BEGIN Recorded data

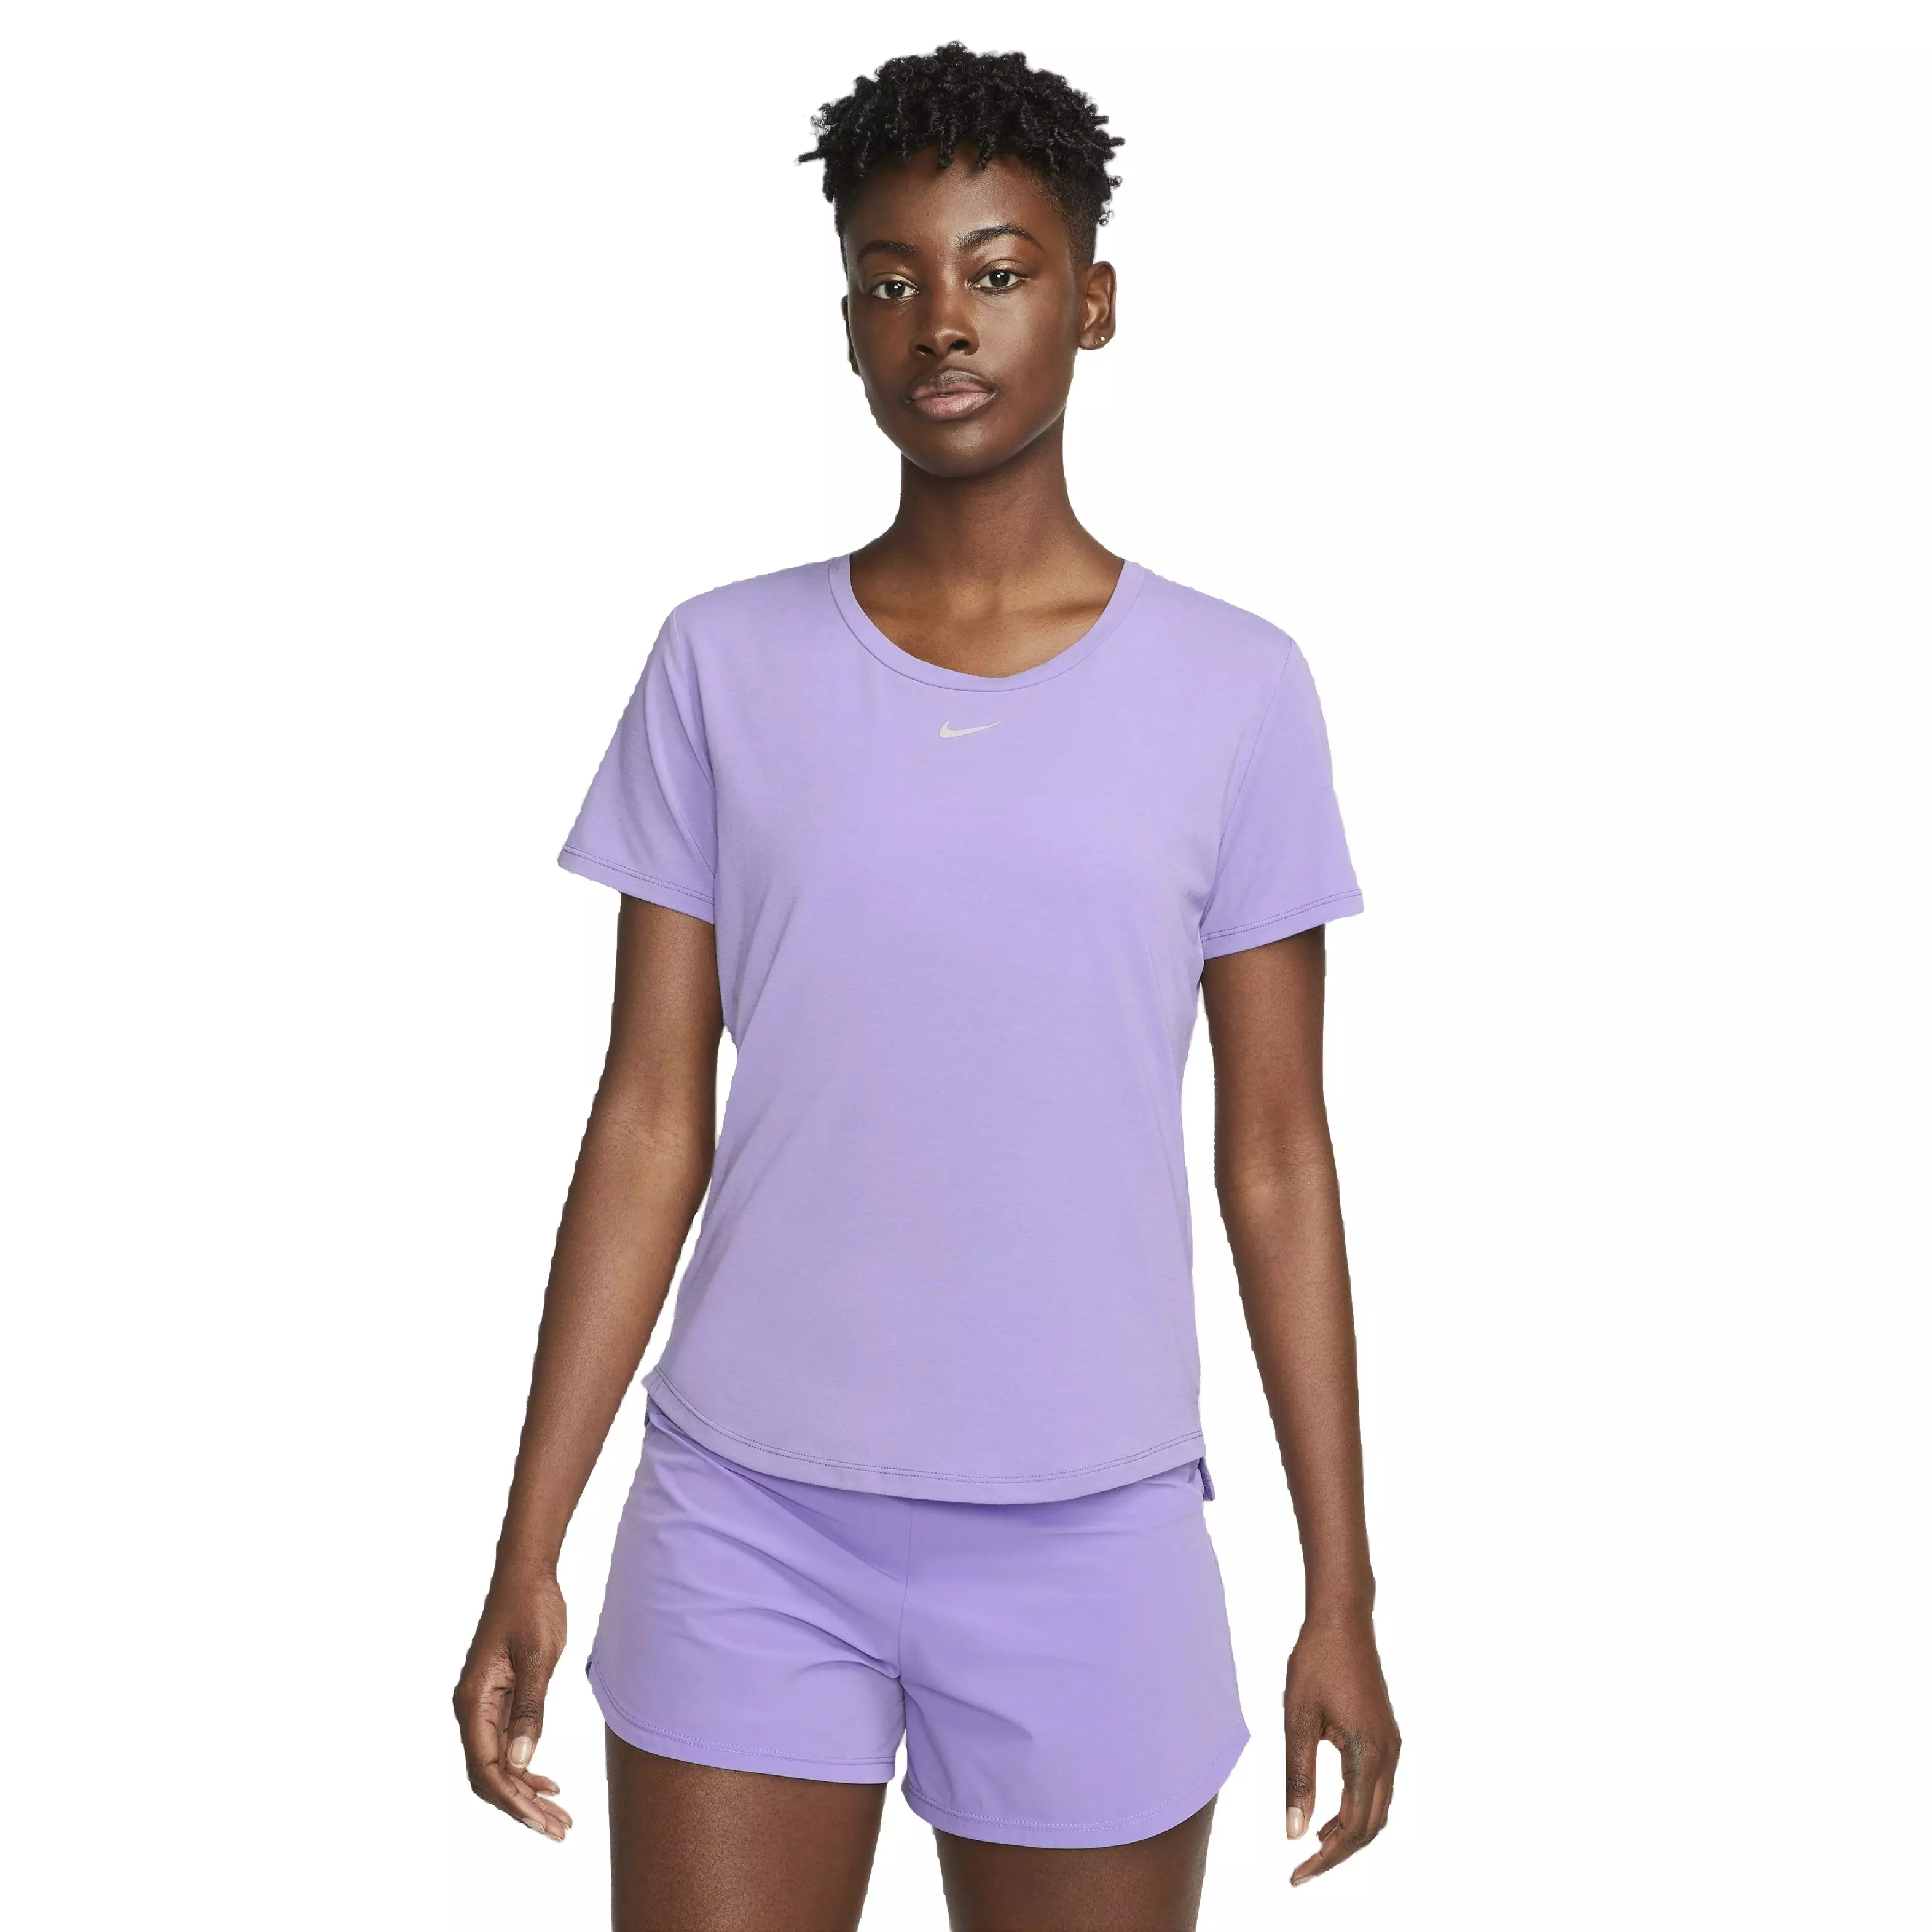 Luxe Purple Shorts
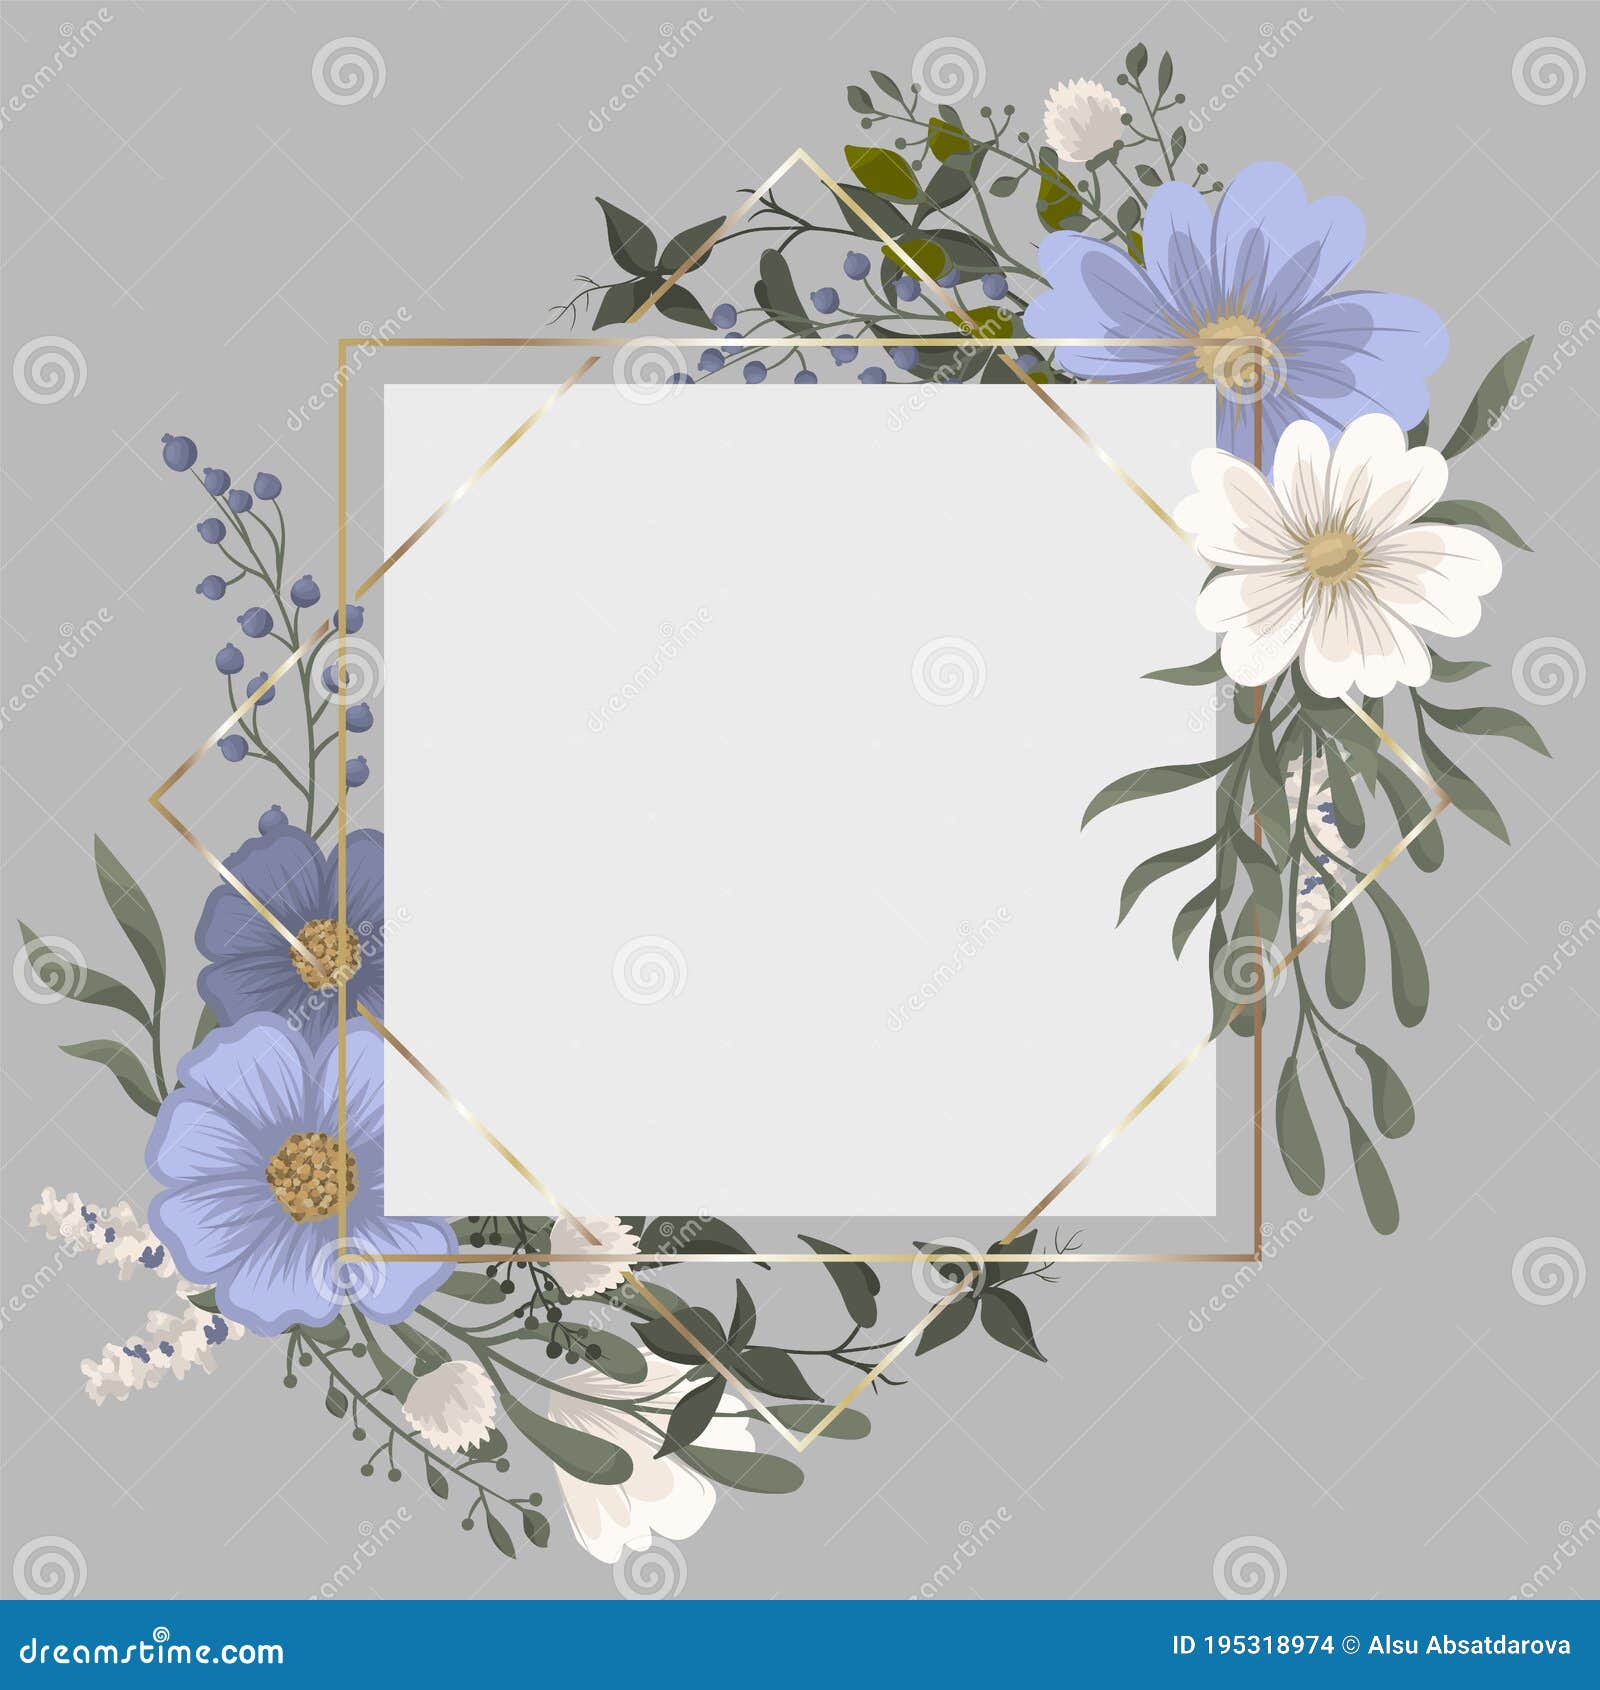 Floral Border Background - Light Blue Flowers Stock Vector - Illustration  of design, awesome: 195318974
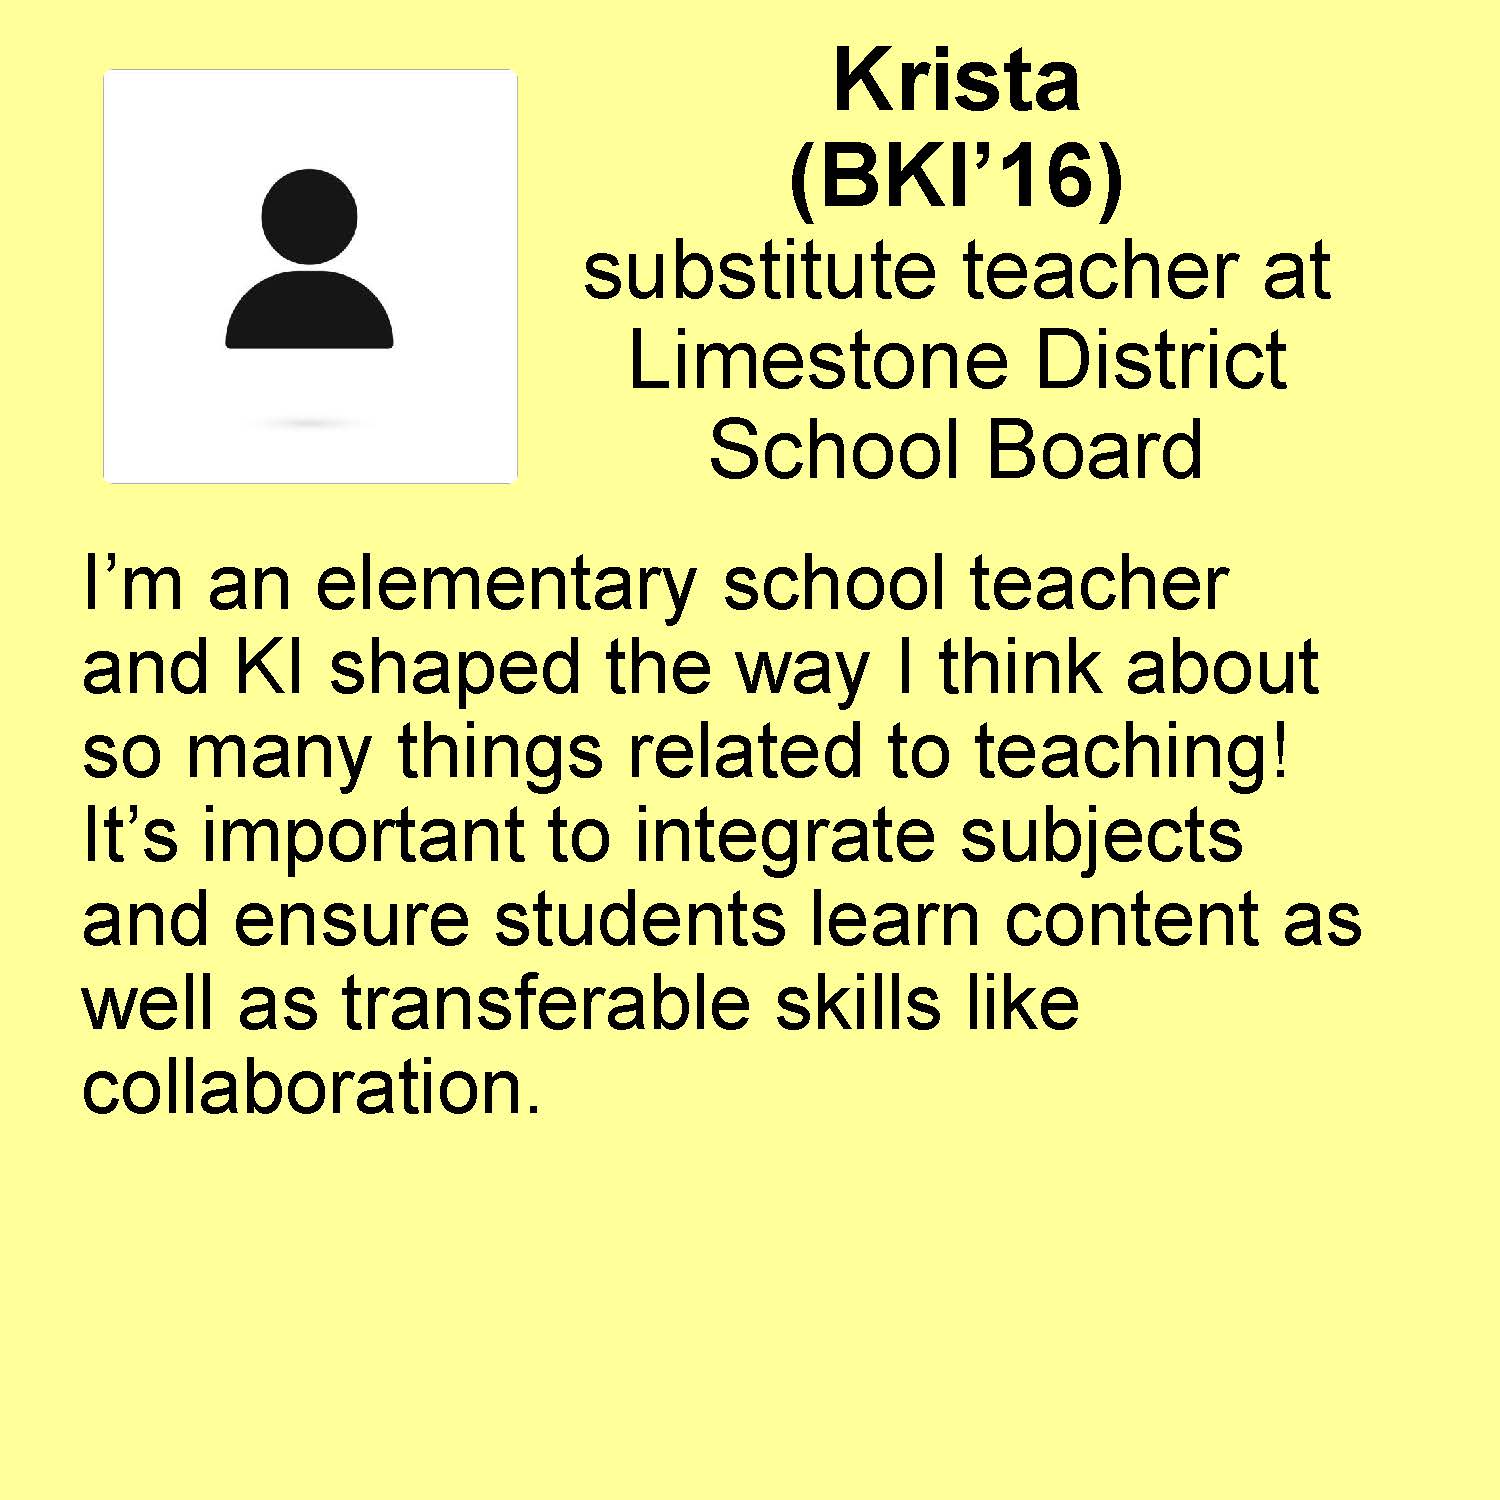 Krista profile substitute teacher at Limestone District School Board

END Recorded data

Problem details:
Give back the whole listing exactly as it stands. Drop every picture.

Task result:
 Luxe Purple Shorts
 Floral Border Background - Light Blue Flowers Stock Vector - Illustration  of design, awesome: 195318974
 Krista profile substitute teacher at Limestone District School Board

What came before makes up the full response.